Schuyl’s catalog of 1727 (courtesy of Univ of Leiden)

And in a modern analogy to our era’s bloggers, both Ole Worm and Athanasius Kircher used their personal collections as starting points for published speculations on philosophy, science, and natural history. Just think what Worm and Kircher could have accomplished with the Internet!

The collecting bug finally crossed the Atlantic. Dr Thomas Mutter, a prominent surgeon in Philadelphia, gathered medical oddities and related items from his own practice and those sent to him by colleagues. When he died in 1859, he willed his collection to the American College of Surgeons; with additions gathered in the subsequent years – including Benjamin Rush’s medical chest, Florence Nightingale’s sewing kit, an early 19th century saponified corpse known as the ‘soap lady,’ the conjoined liver of Siamese Twins Chang and Eng Bunker, and President Cleveland’s resected mandibular adenocarcinoma – these holdings became today’s Mutter Museum.
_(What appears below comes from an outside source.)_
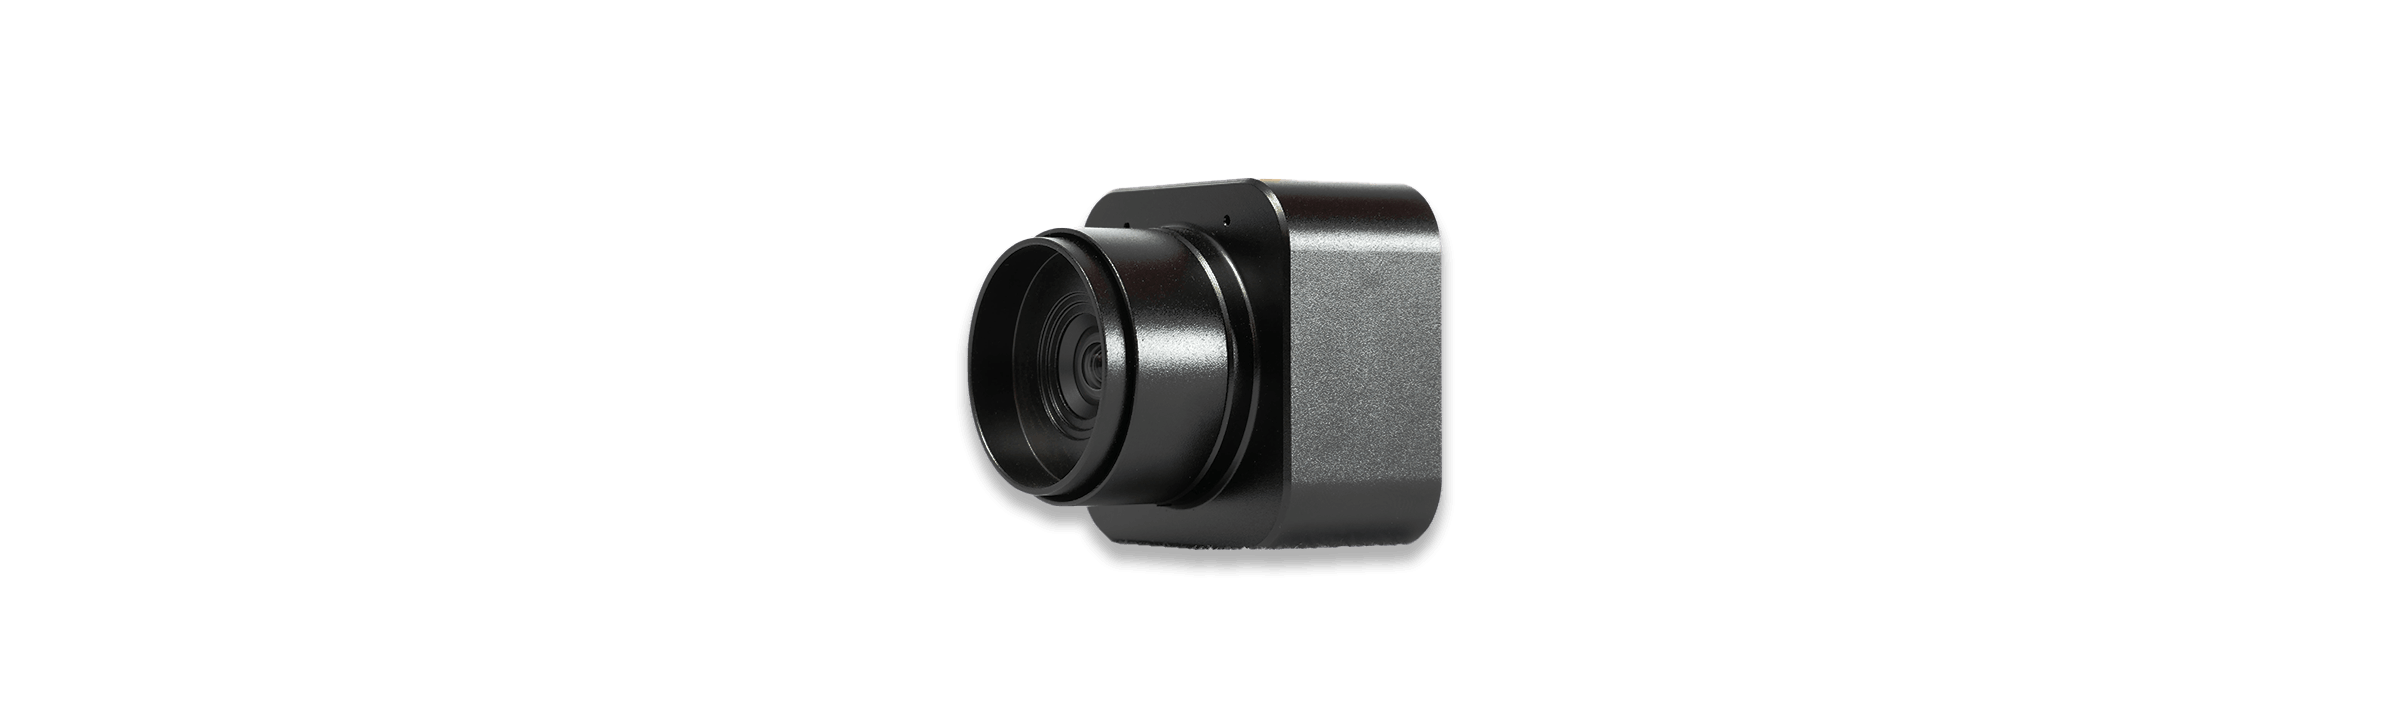 BlackCam 2.5mm camera for BlackBox with no background

Add’n, there was the Hobby Club in New York City. In 1908, it was formed as a rival to the cross-town, tangentially related, and better known Explorers’ Club. The Hobby Club was a lavish dining fraternity limited to 50 men of education and means, and was basically an opportunity for grown-up ‘show and tell.’ Selected items from each of the members’ cabinets would be brought to dinner meetings to share with the other attendees. According to its constitution, “the object of [the club] shall be to encourage the collection of literary, artistic and scientific works; to aid in the development of literary, artistic and scientific matters; to promote social and literary intercourse among its members and the discussion and consideration of various literary and economic subjects.” While the transcripts of a number of the group’s meetings from the years prior to WWI are extant, the club appears to have withered and died by the 1920s.

But NOT the desire to collect and explore.